Effect of LMP7 active site mutations on LMP2 processing.
Proteasomes were immunoprecipitated with MCP21 from lysates of T2 cells transfected with LMP2 and LMP7 (2 + 7), LMP2 and LMP7(T1A) [2 + 7(T1A)], and LMP2 and LMP7(K33A) [2 + 7(K33A)]. Specific subunits were visualized by immunoblotting after SDS-PAGE. Immunoprecipitates from 107 cells were loaded per lane. ppLMP7, partially processed LMP7. Partial loss of the pre-LMP7 band in lane 2 + 7 is due to
poor transfer as a result of an air bubble.
|
|
Pre-LMP2 Accumulates in Preproteasomes in the Absence of
LMP7 in Transfected T2 Cells.
Removal of
subunit presequences is associated with maturation of 20S proteasomes
(23, 24). Therefore, we hypothesized that pre-LMP2,
which accumulates in T2.LMP2 cells, remains in preproteasomes.

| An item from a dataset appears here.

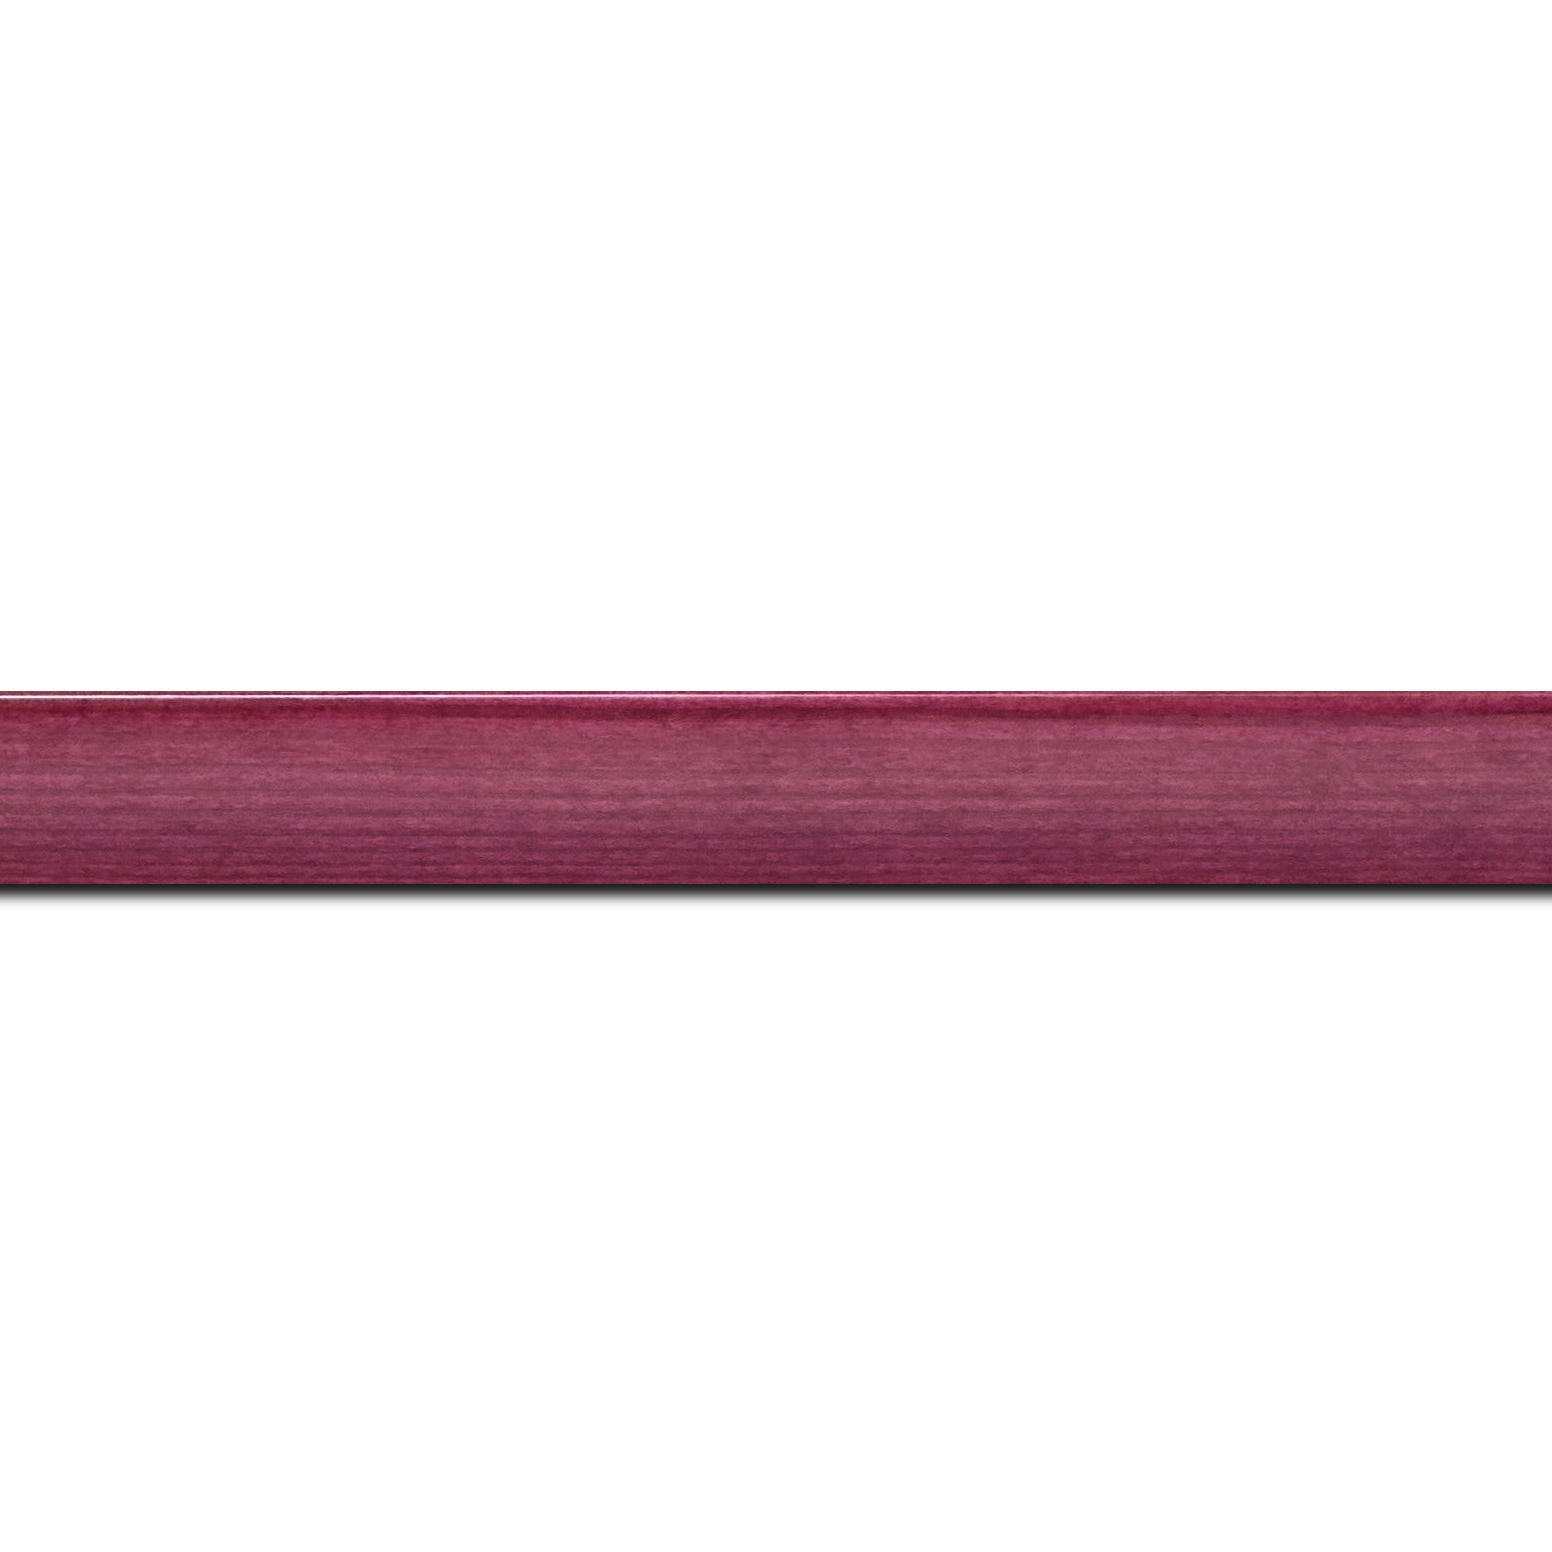 Pack par 12m, bois profil arrondi en pente plongeant largeur 2.4cm couleur rose fushia  finition vernis brillant,veine du bois  apparent (pin) ,  (longueur baguette pouvant varier entre 2.40m et 3m selon arrivage des bois)

To test this, cell extracts were fractionated on sucrose gradients and C3-containing proteasomes (both 20S
proteasomes and 12-16S preproteasomes) were immunoprecipitated from each fraction and analyzed by immunoblotting for specific subunits (Fig. 3). Indeed, pre-LMP2
was found exclusively in lower mol wt fractions 4 and 5, comigrating with a portion of C3, consistent with
subunit-containing preproteasomes. The small amount of processed LMP2 in these cells (fraction 2) comigrated with
other processed
subunits (delta and X), as well as the majority of C3, consistent with 20S proteasomes. These results
agree with previous demonstrations of pre-LMP2 in preproteasomes from transfected T2 cells overexpressing mouse LMP2 (23, 32). Of note, there was no detectable pre-delta or pre-X in the pre-LMP2-containing fractions. In contrast, when LMP7 was coexpressed with LMP2 (T2.LMP2/
LMP7), processed LMP2 predominated and comigrated
with processed LMP7 and the bulk of C3, consistent with
20S proteasomes (Fig. 3). These results demonstrate that
preproteasomes containing pre-LMP2 accumulate in the
absence of LMP7, despite the presence of its homologue,
X. In contrast, pre-LMP2-containing preproteasomes do
not accumulate in the presence of LMP7, suggesting a
strong preference for the subsequent incorporation of LMP7
rather than X into these assembling proteasomes. It is important to note that LMP7 can be incorporated into 20S
proteasomes in the absence of LMP2 (Fig. 1 and data not
shown), suggesting that preproteasomes lacking pre-LMP2
do not have a strong preference for the incorporation of X
or LMP7.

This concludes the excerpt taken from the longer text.